==== DATASET EXTRACT ====

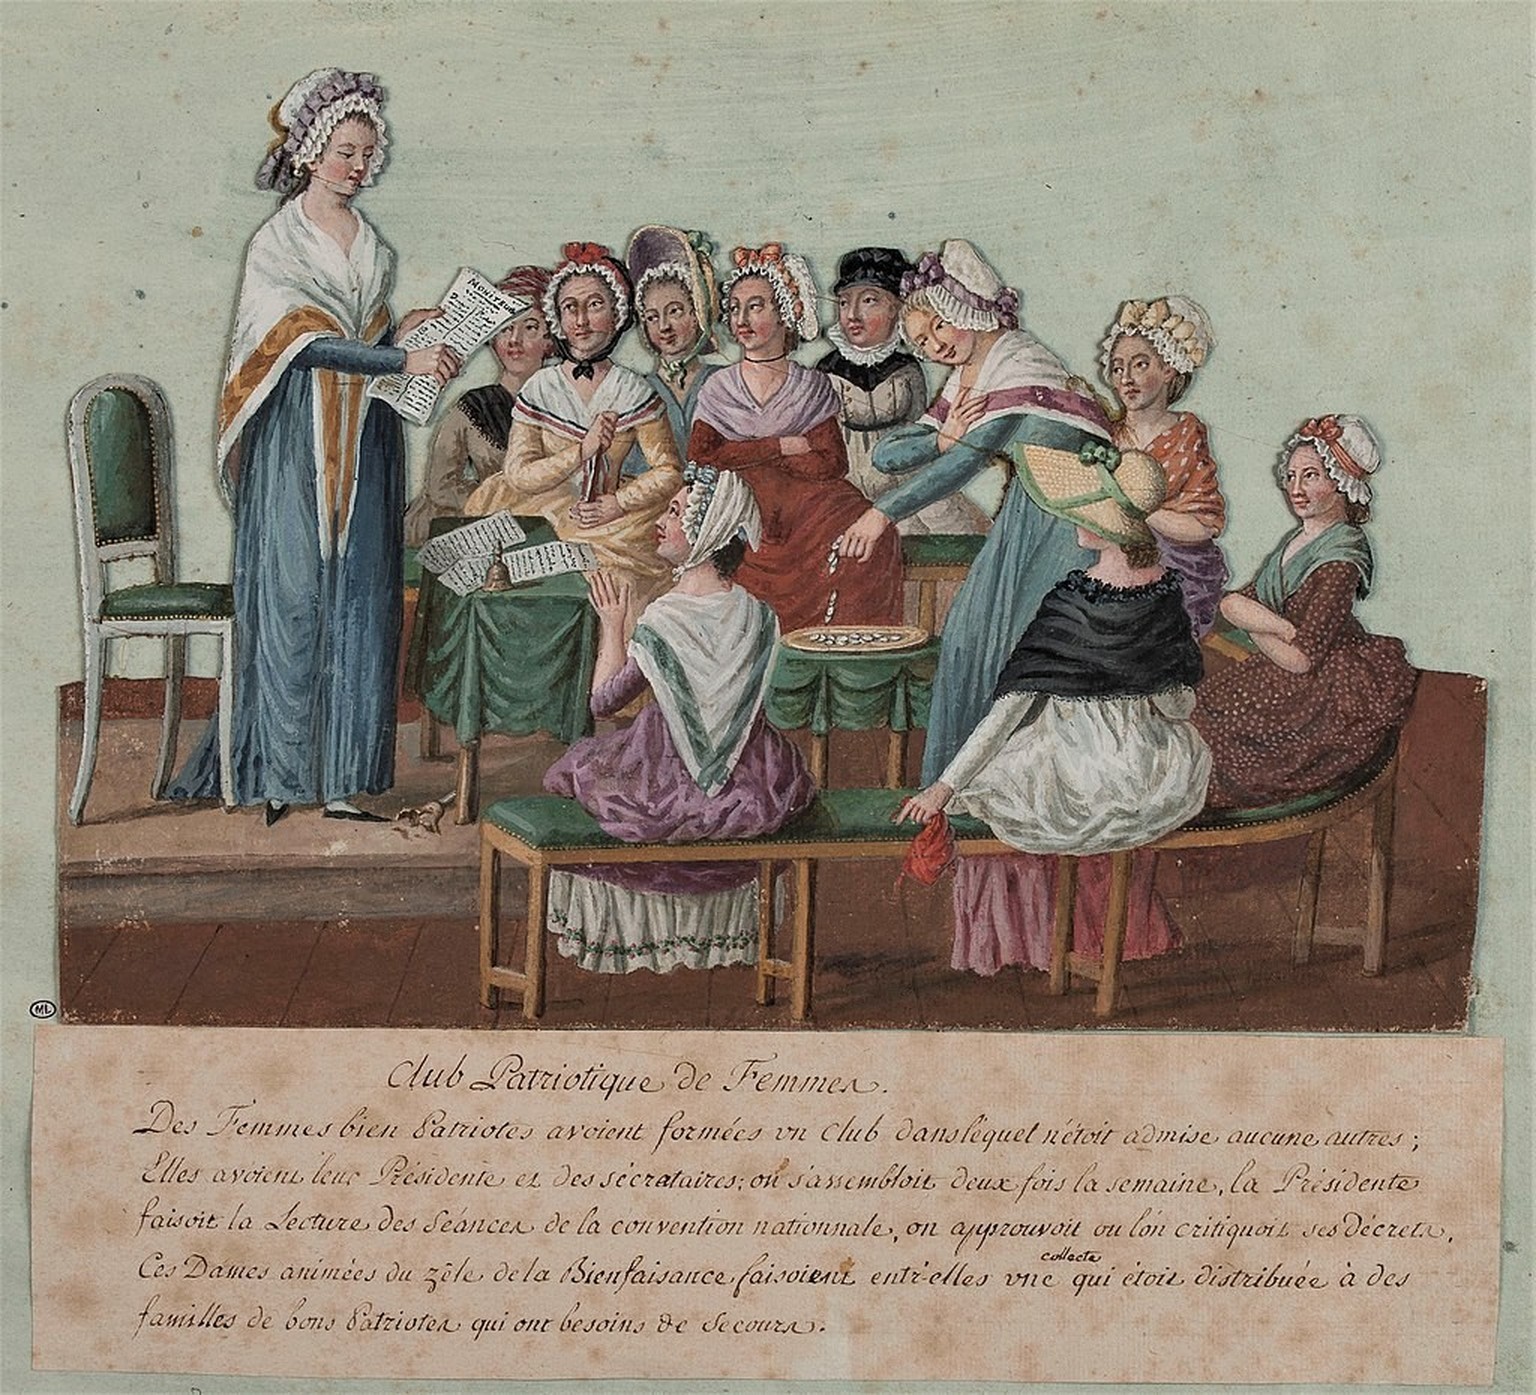 Eine Versammlung des Club Patriotique de Femmes, Jean-Baptiste Lesueur, ca. 1792-1794.
https://nl.wikipedia.org/wiki/Etta_Palm#/media/Bestand:Lesueur_-_Club_Patriotique_de_Femmes.jpg
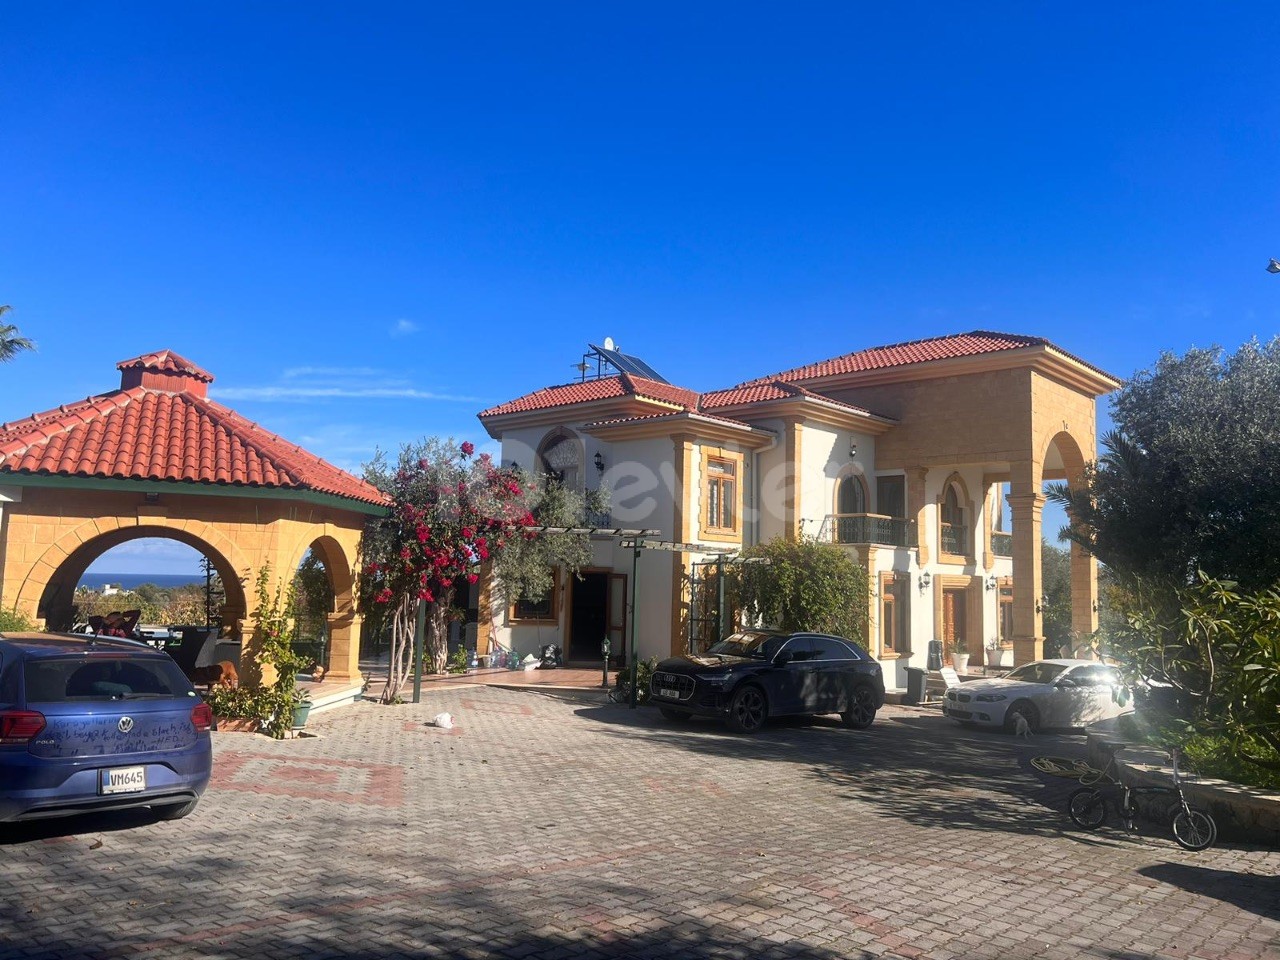 Villa for Sale on 6.5 Decares in Kyrenia/Edremit

====

* _EXERCISE OBJECTIVE_: Output the material verbatim, skipping the images.

* _WRITTEN ANSWER_:
 Eine Versammlung des Club Patriotique de Femmes, Jean-Baptiste Lesueur, ca. 1792-1794.
https://nl.wikipedia.org/wiki/Etta_Palm#/media/Bestand:Lesueur_-_Club_Patriotique_de_Femmes.jpg
 Villa for Sale on 6.5 Decares in Kyrenia/Edremit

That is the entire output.